Privacy is dead.
With the twin boogeymen of “terrorism” and “protecting the children,” governments have smashed privacy all over the world with terrifying ease.
When even an ostensibly democratic government like the UK passes a dangerous and utterly misguided surveillance and encryption backdoor bill, people are waking up to the brutal realization that privacy in the Internet age is an illusion. In the UK, countless government agencies, big and small, from the halfwit morons at the equivalent of the DMV to the freaking Health Department can now rifle through anyone’s internet browsing history without needing one of those pesky warrants. Other governments do it secretly anyway, with or without the laws to back it up. What could possibly go wrong?
In the US our forefathers fought wars for a lot less.
When I was in my twenties, I imagined the Internet as the great equalizer. It was wild and uncontrollable, a Trojan horse of democracy that would bring light to the dark dictatorships of the world. It was back then that I first conceived of my epic Chinese civil war saga, The Jasmine Wars, where China rises up in a Jasmine Revolution and transforms into the world’s first direct democracy. Surly the internet was the opening shot? When the Party could no longer stop people from speaking freely, it wouldn’t take long for the people to throw off the chains of oppression.

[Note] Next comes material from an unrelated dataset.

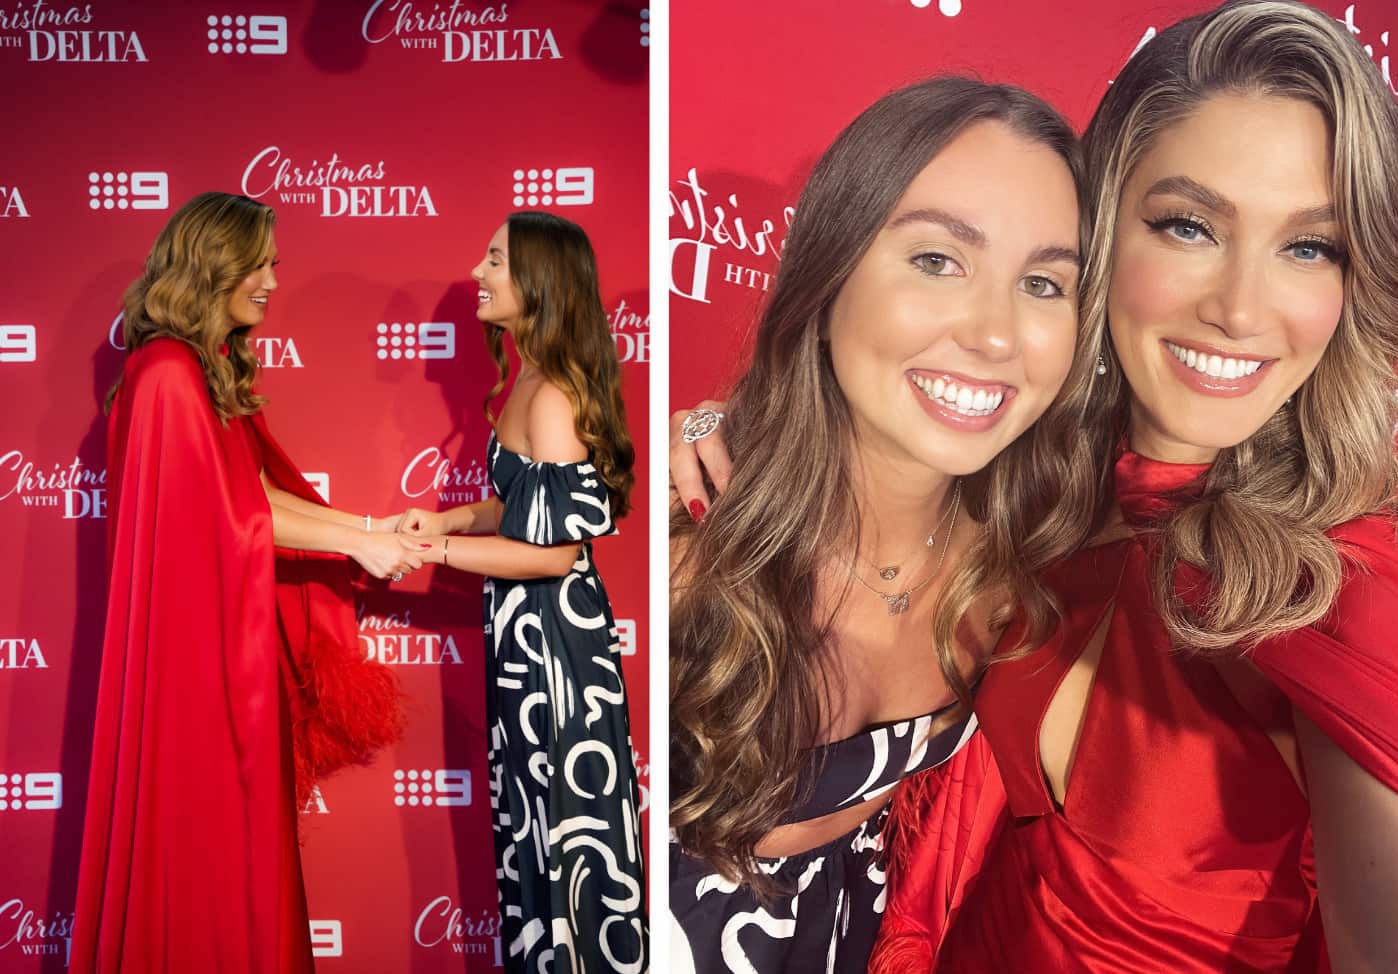 Molly meeting Delta Goodrem on the red carpet

It turns out China had a scary lesson for the world: Censorship works. Freedom and democracy would have to wait. My youthful hopefulness got exposed for what it always was: a naive and childish dream.
To be fair, in many ways the Internet has transformed the world, at least for buying and selling things and spoiling Westworld. Today if you live in Ohio you can buy a toy from Japan almost as easily as you can buy something in a store on Main Street. And that’s something. Oh and don’t forget how it’s transformed reality too. Now instead of us having to listen to boring and depressing real news, we’re free to live in a bubble reality of fake news instead. But at least we can buy stuff.

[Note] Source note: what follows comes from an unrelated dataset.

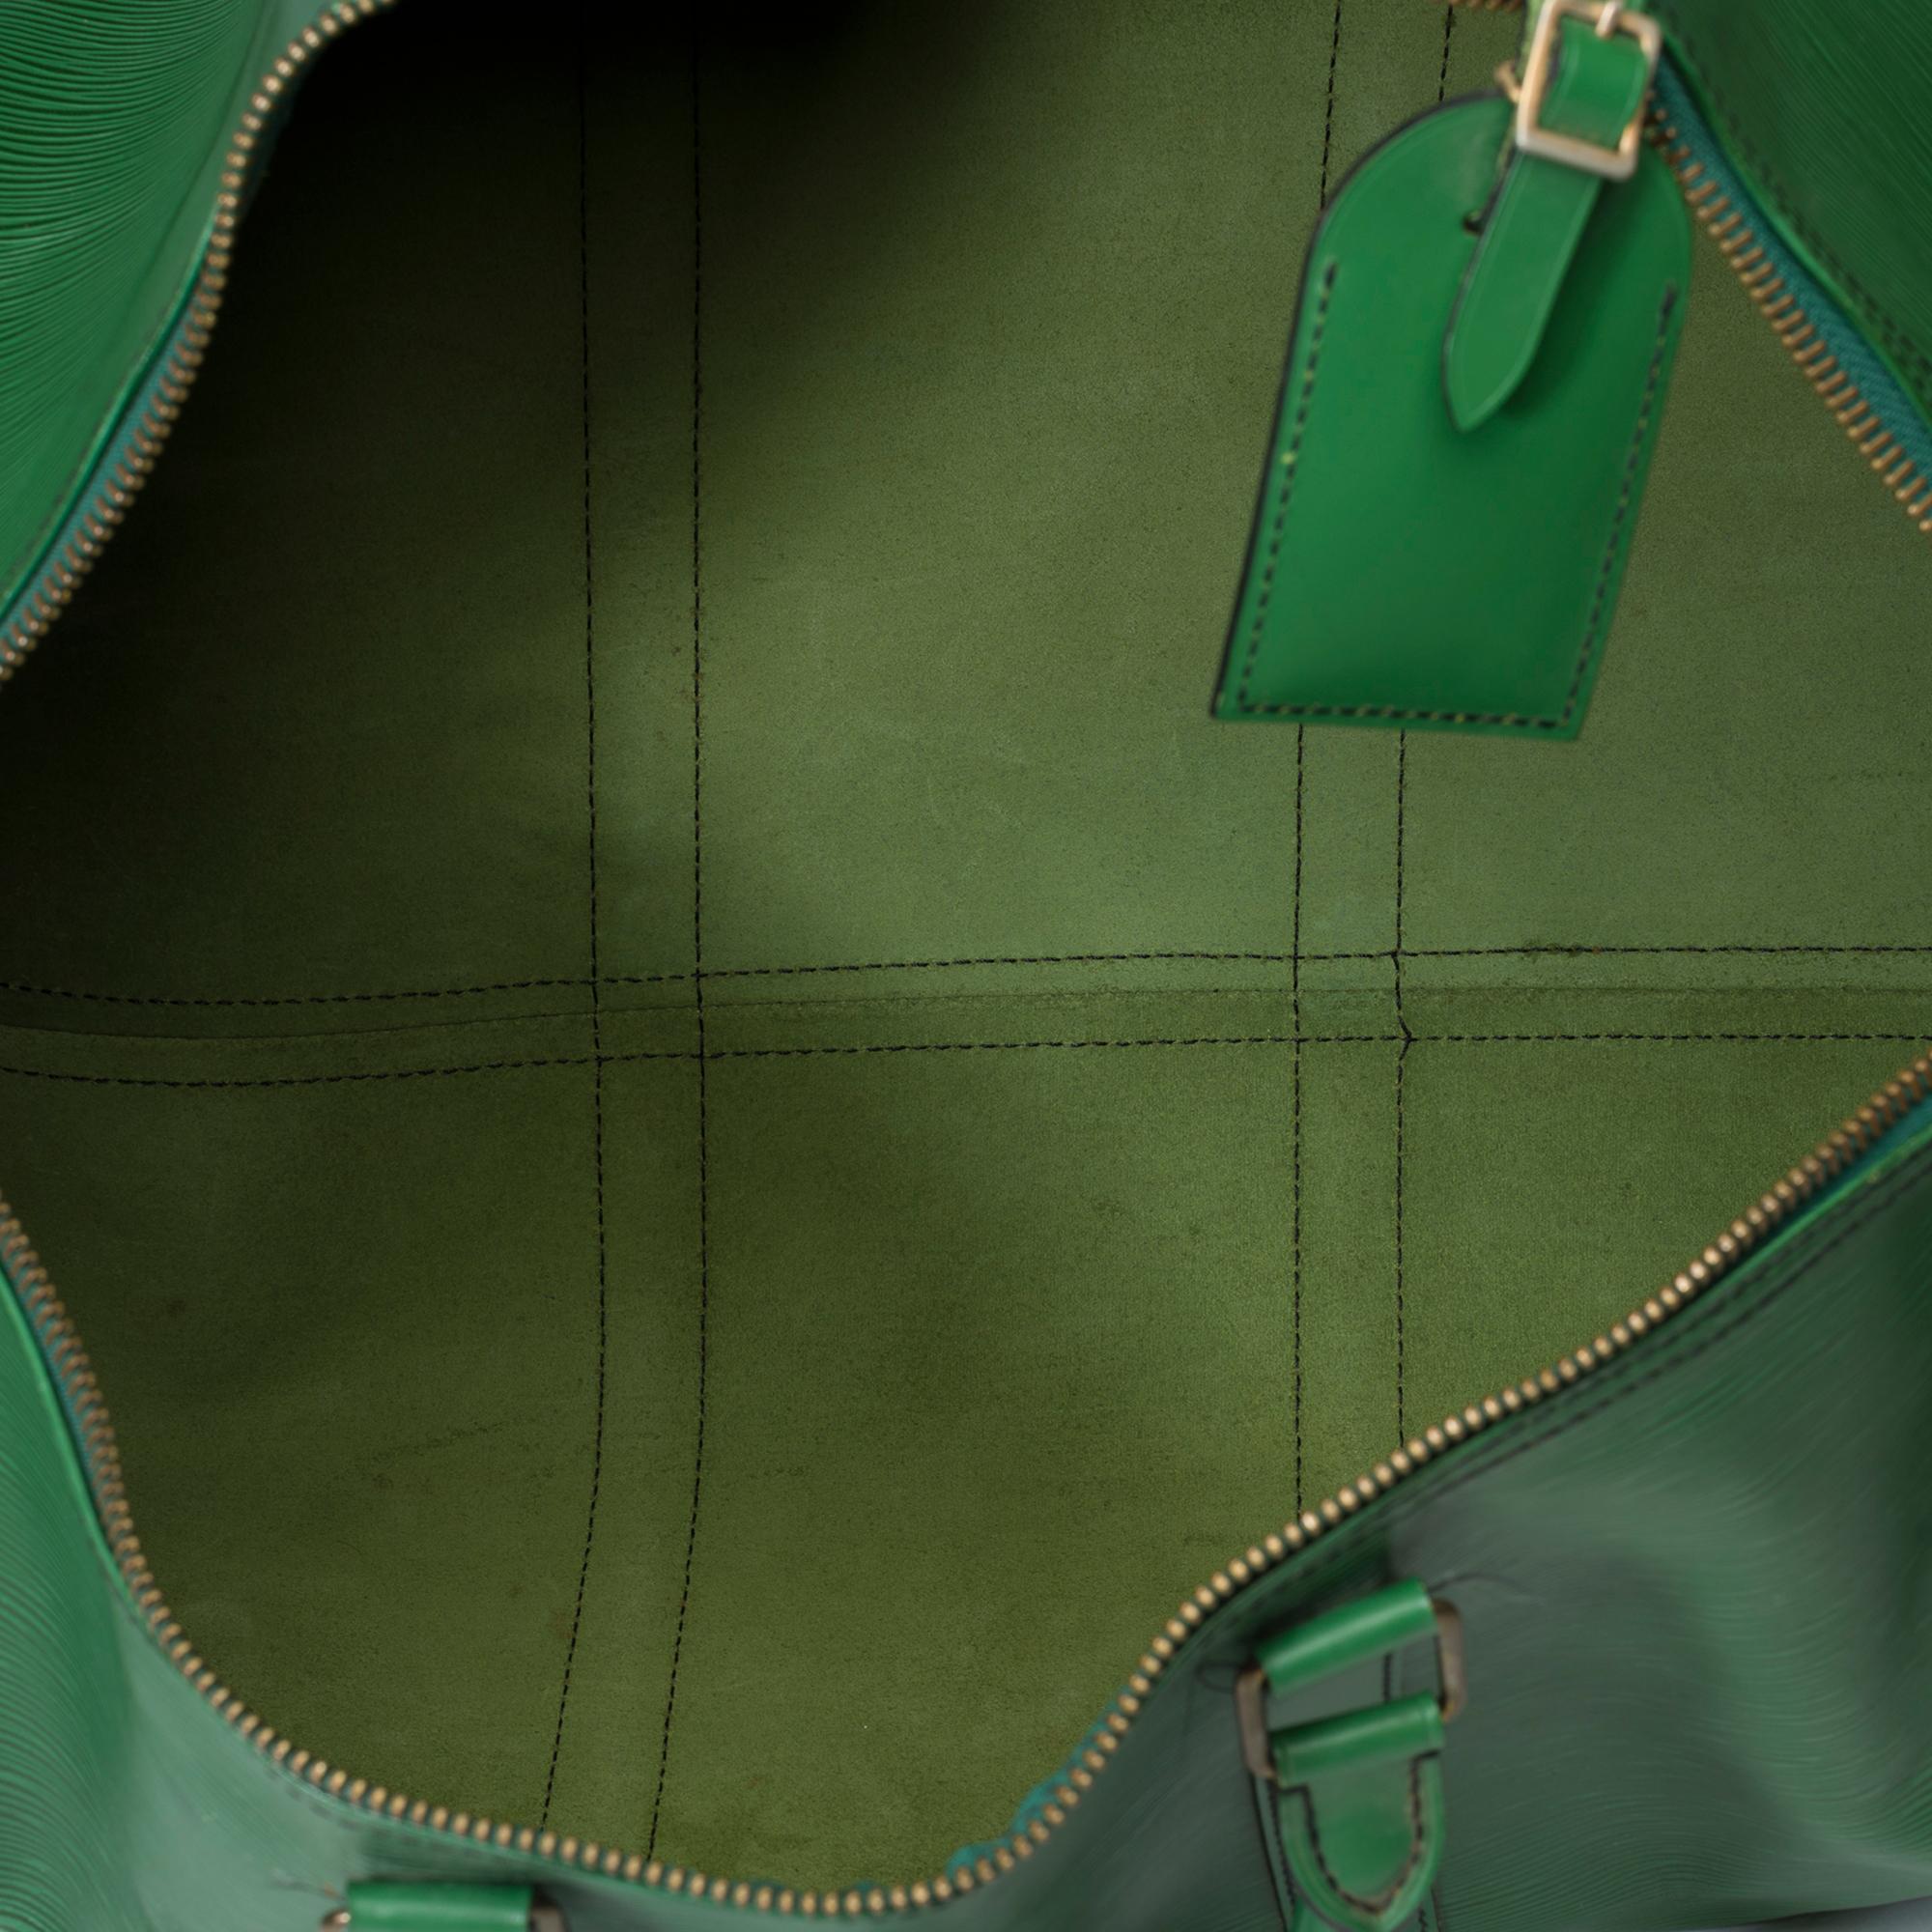 Louis Vuitton Keepall 50 Travel bag in Green épi leather, GHW 4

In hindsight, it’s not hard to see why the Internet has turned into the Panopticon-enabling, botnet-riddled, post-factual, privatized shadow government cyberpunk dystopia that it is today: over-centralization.
Over-centralization is a terrible disease. It leads to rigidity, inefficiency, stifled creativity and resistance to change. For civilizations it leads to death, war and rebellion. Right now, if we’re lucky, we’re living in the early days of the Roman Empire. If we’re not, we’re living during the fall of the Empire.
Over-centralization comes from the mistaken belief that trust is a fixed quality, that once given to a person or organization it’s somehow permanent. But it doesn’t work that way.
Trust is a moving concept.
It’s earned or lost over time. Even if you’re faithful to your spouse for twenty years, if you cheat on them, all that trust burns up in an instant. You went from trusted to not-trusted just like that. A person, organization, company or government can go from impeccably trustworthy to insidious overnight, as the UK government just proved with their complete lack of faith in their citizens. This distrust leads to a spiral of paranoia and fear. If the UK doesn’t trust their citizens, why should their citizens ever trust them?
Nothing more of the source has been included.